Were an association to find itself unable to pay for a necessary capital improvement project from its reserves, it could conduct a special assessment of ownership to help fund the work. But were THAT out of the question, the next move would be to seek out a loan.
“A board should definitely look to management for guidance as to whether a capital improvement project qualifies for a loan,” says Nusbaum. “We would gather information regarding several banks that we would work with, report back to the board as to the various terms and rates, and then we would get directly involved with filling out the application which the bank would require.”
In regard to board mechanics during the lending process, Chatt suggests that everyone may be involved. “The president may be the point person, or they could delegate to the secretary or the treasurer. Typically, under a declaration, the president has the power to sign contracts. However, one of the things a lender is going to want from an association and its attorney is an opinion letter that the association has the authority to take out a loan. The accountant may be involved as well, as, in any underwriting process, the lender will want to see financials.”

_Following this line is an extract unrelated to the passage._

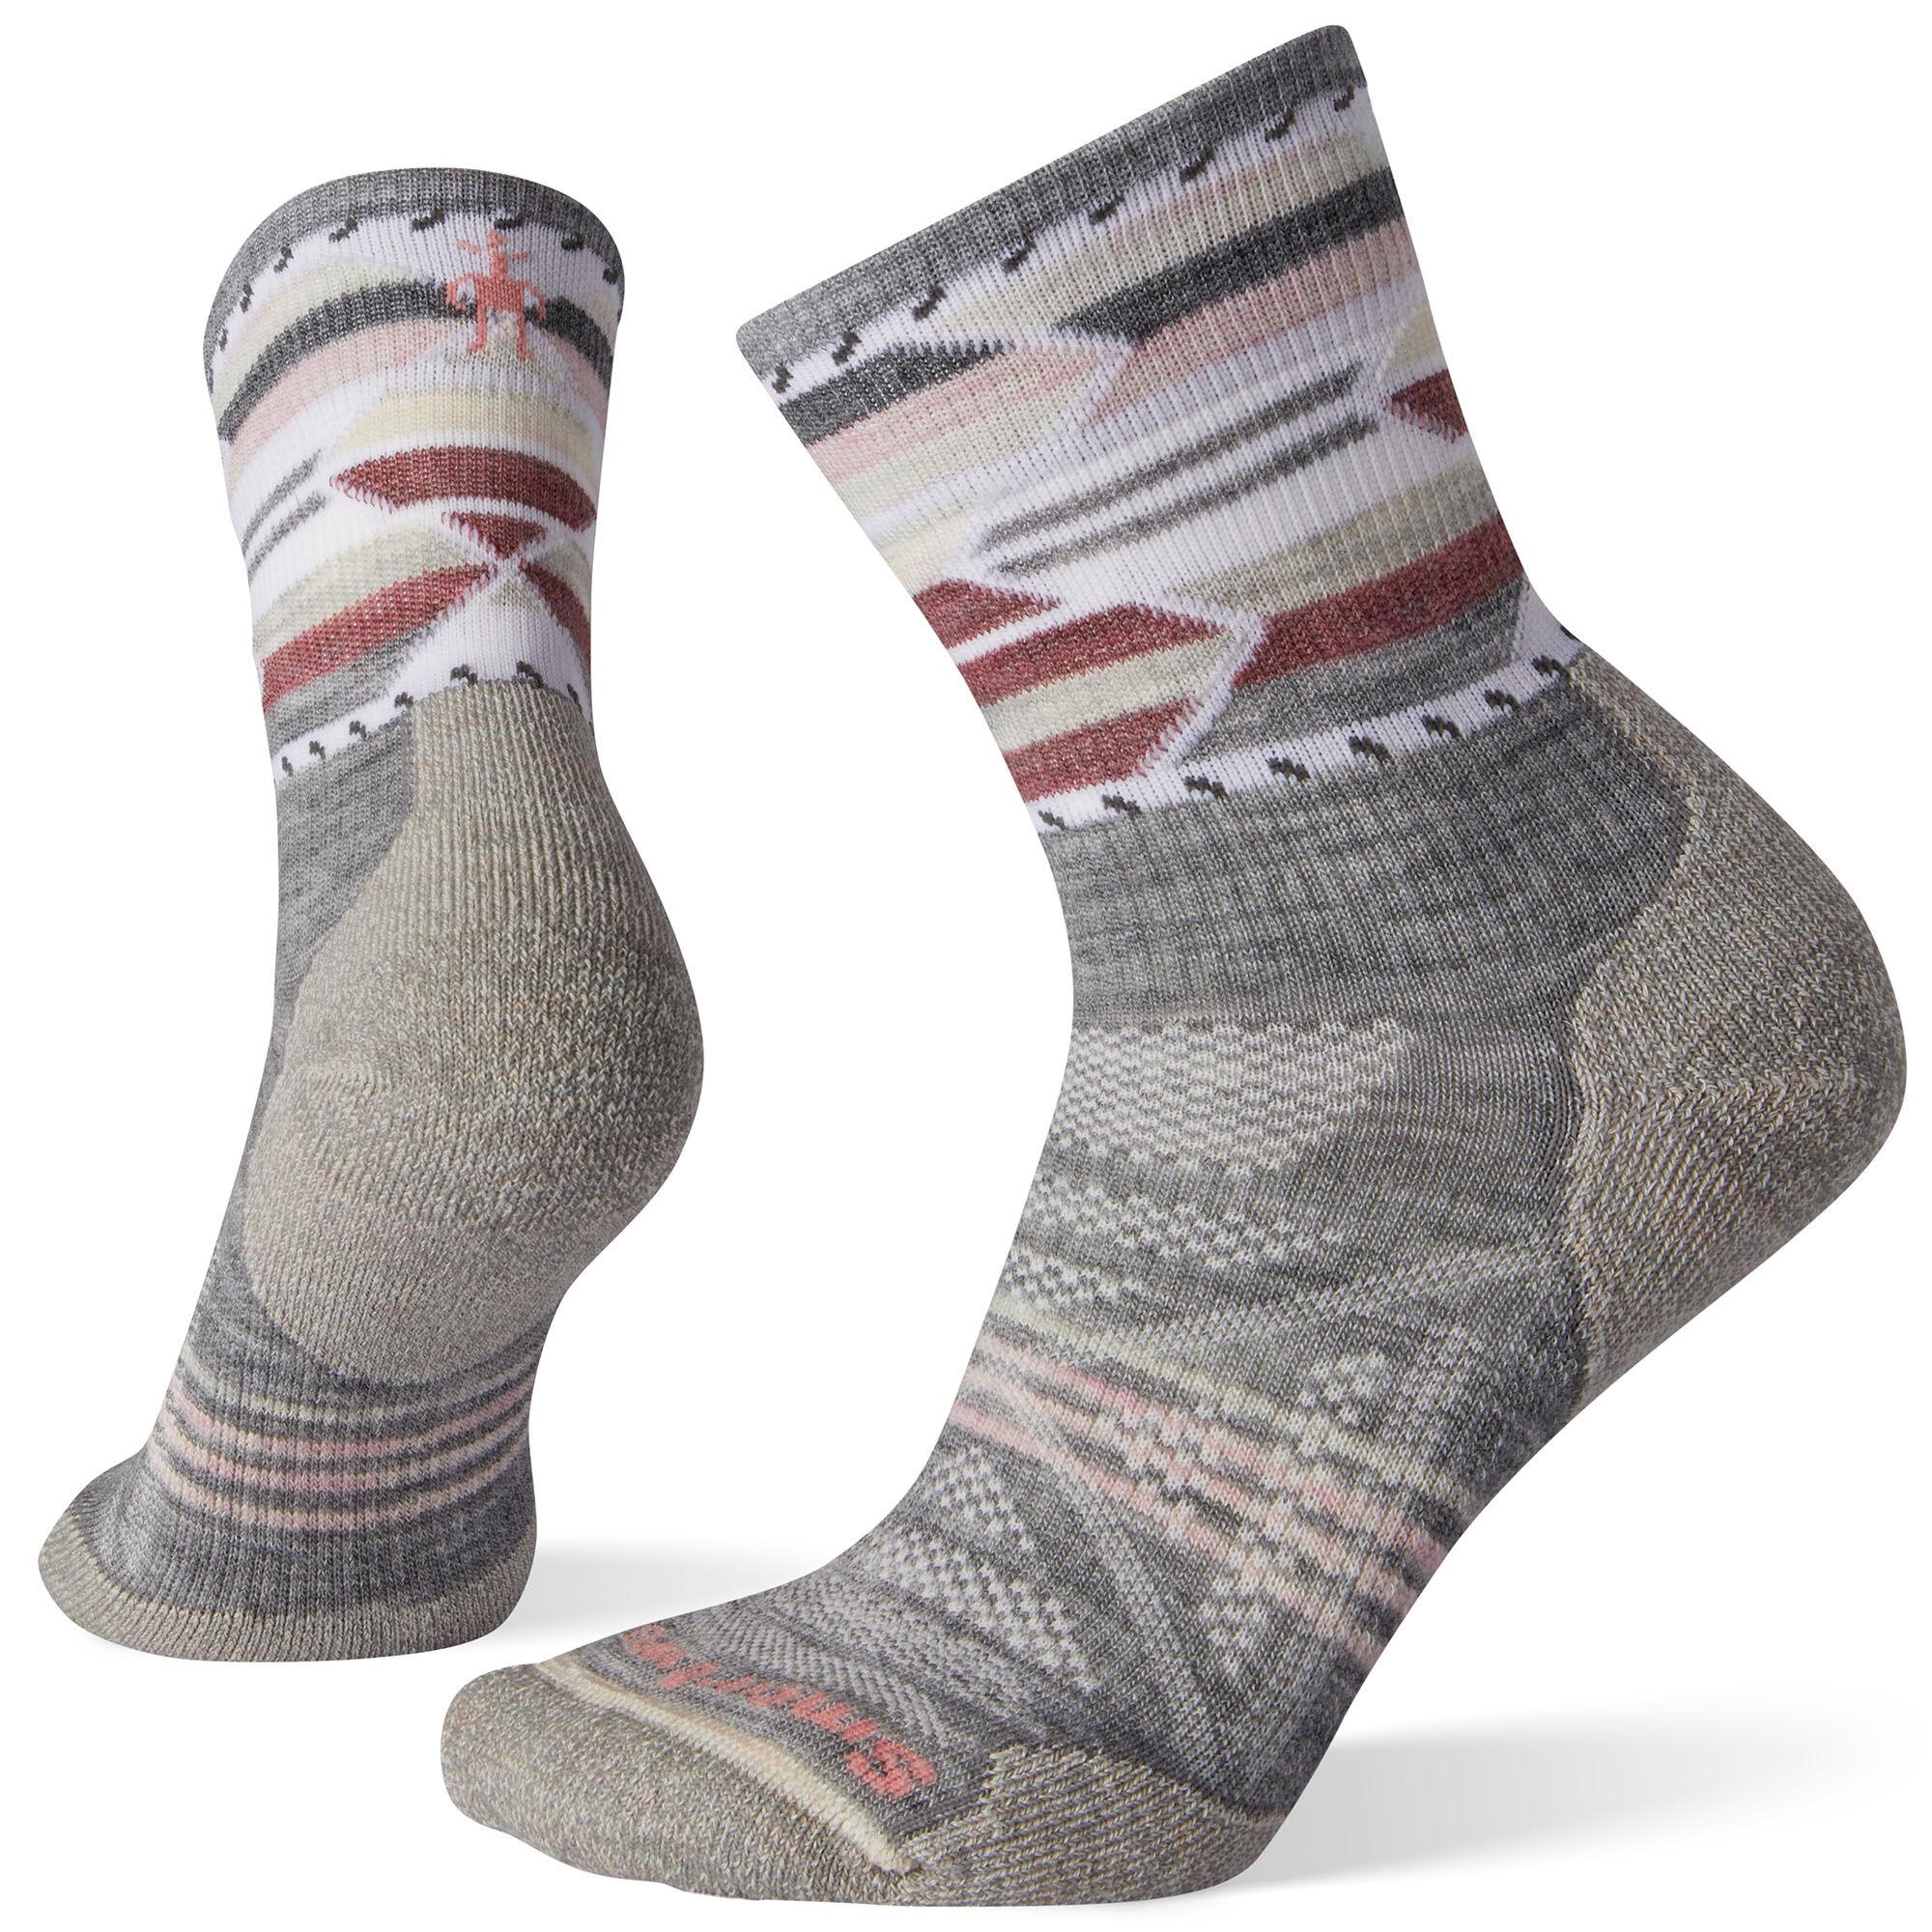 Smartwool Women's PhD Outdoor Light Pattern Mid Crew Hiking Socks  - Light Gray - Size: Small

And while Chatt mentioned above that there’s no fiscal limit as to how much an association can spend on a capital improvement, Peter J. Santangelo, president of Community Advantage, a financial services firm in Palatine, notes that many associations have within their documents a specific cap that would trigger call for a member vote. Santangelo has 14 years of experience banking with associations, much of which involves putting loans toward projects mentioned above.
“We usually deal with associations that are replacing an existing item with one of like quality,” he explains. “It usually falls within a board’s authority to repair and replace an item at similar cost. But if the expense is for an upgrade or an improvement to an existing item, the declaration and bylaws may require a member vote.”
A lender will look at several criteria when determining whether an association can borrow the needed capital. “We usually review the delinquency, the owner occupancy, ability to cash-flow - i.e. how they’re handling out-of-pocket expenses, whether it’s out of operating budget or if they plan to carry out a special assessment,” Santangelo explains. “And every association is different, so they qualify based on differing variables. Some banks will accept 15% delinquency [before granting a loan], some only 10%. But the majority get approved.”
Santangelo notes that, while he sometimes deals with management companies, he prefers to present directly to boards. “It certainly helps to give our proposal to the association rather than have an intermediary try and explain what our thought process is.”
The Last Word
“Boards come to us a lot regarding capital improvements, and, truthfully, it’s not something that necessarily requires a lot of advice,” says Chatt. “They know better than anyone as to whether a roof is in bad shape. To the extent that something may turn into an emergency, that’s a horse of a different stripe. If snow causes your roof to collapse, that’s not so much a capital improvement as it is an emergency repair. And the point is, don’t get there—ever. Even if it’s due to a board’s benevolence or hesitation to raise fees on unit owners via a special assessment. They’re running a business, and owe it to ownership to treat it as such.”
Michael Odenthal is a staff writer for The Chicagoland Cooperator.